----- Recorded data
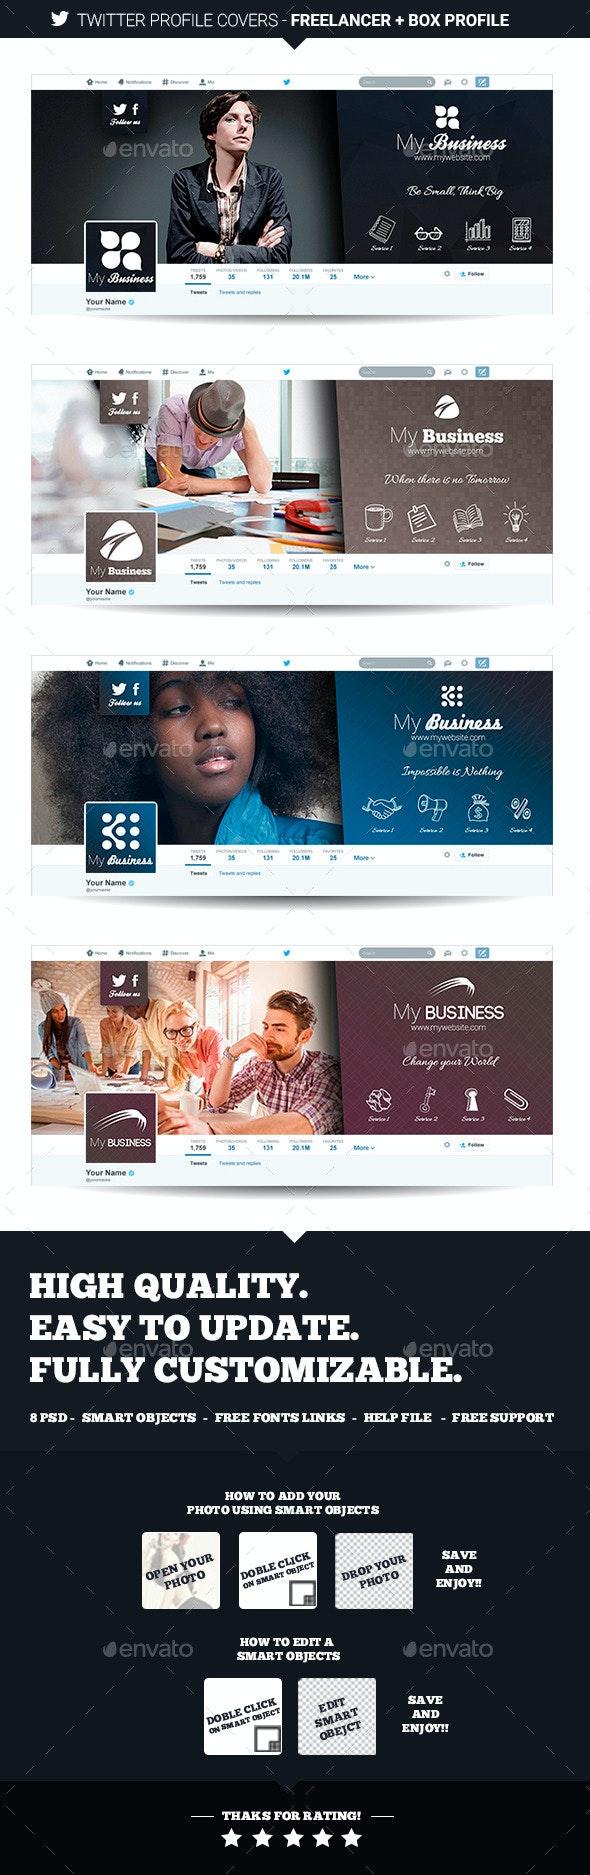 Twitter Profile Covers - Freelancer - Twitter Social Media
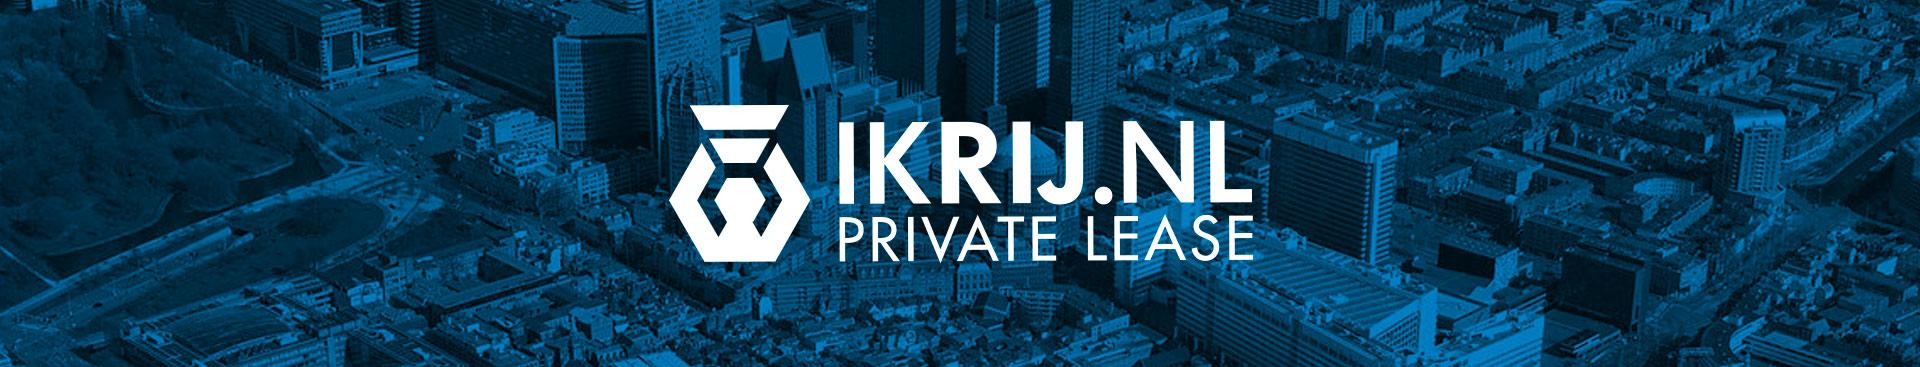 De beste private lease in Leiden komt van IKRIJ.NL
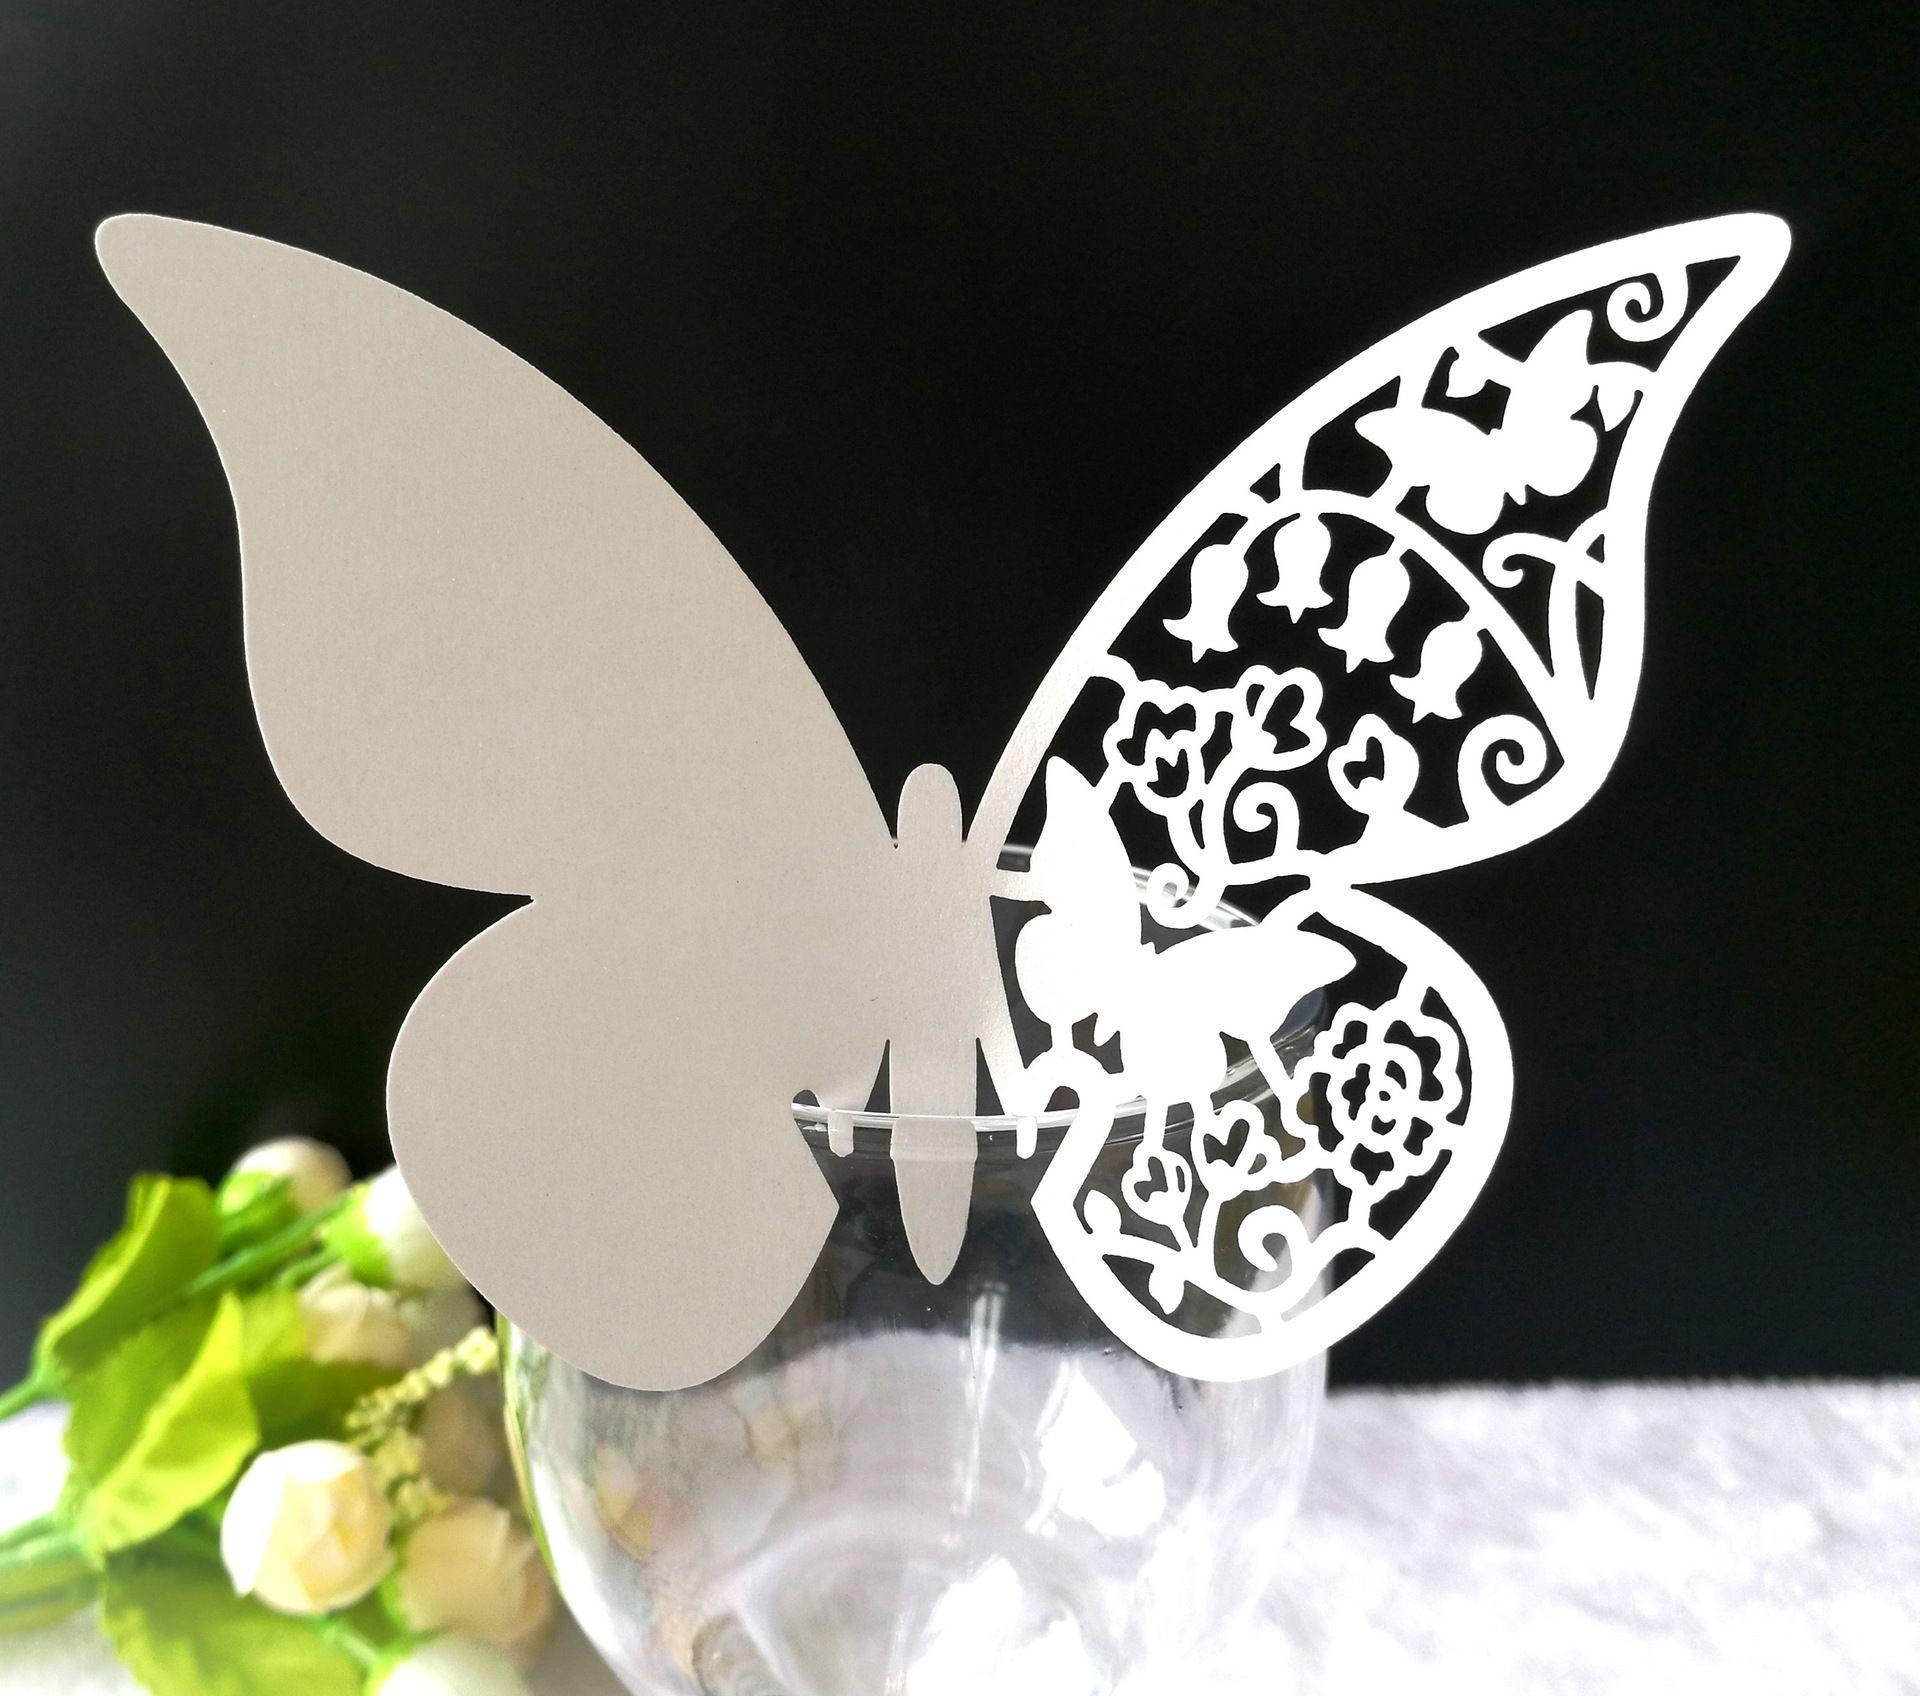 Laser-Schnitt-Place-Karten mit Schmetterlings-Papierschneidnamen-Karten für Party-Platzkarten Hochzeitsdekorationen PC1002
----------
_Task statement:_ Could you output the lines above exactly, with no pictures included?

_Written answer:_
 Twitter Profile Covers - Freelancer - Twitter Social Media
 De beste private lease in Leiden komt van IKRIJ.NL
 Laser-Schnitt-Place-Karten mit Schmetterlings-Papierschneidnamen-Karten für Party-Platzkarten Hochzeitsdekorationen PC1002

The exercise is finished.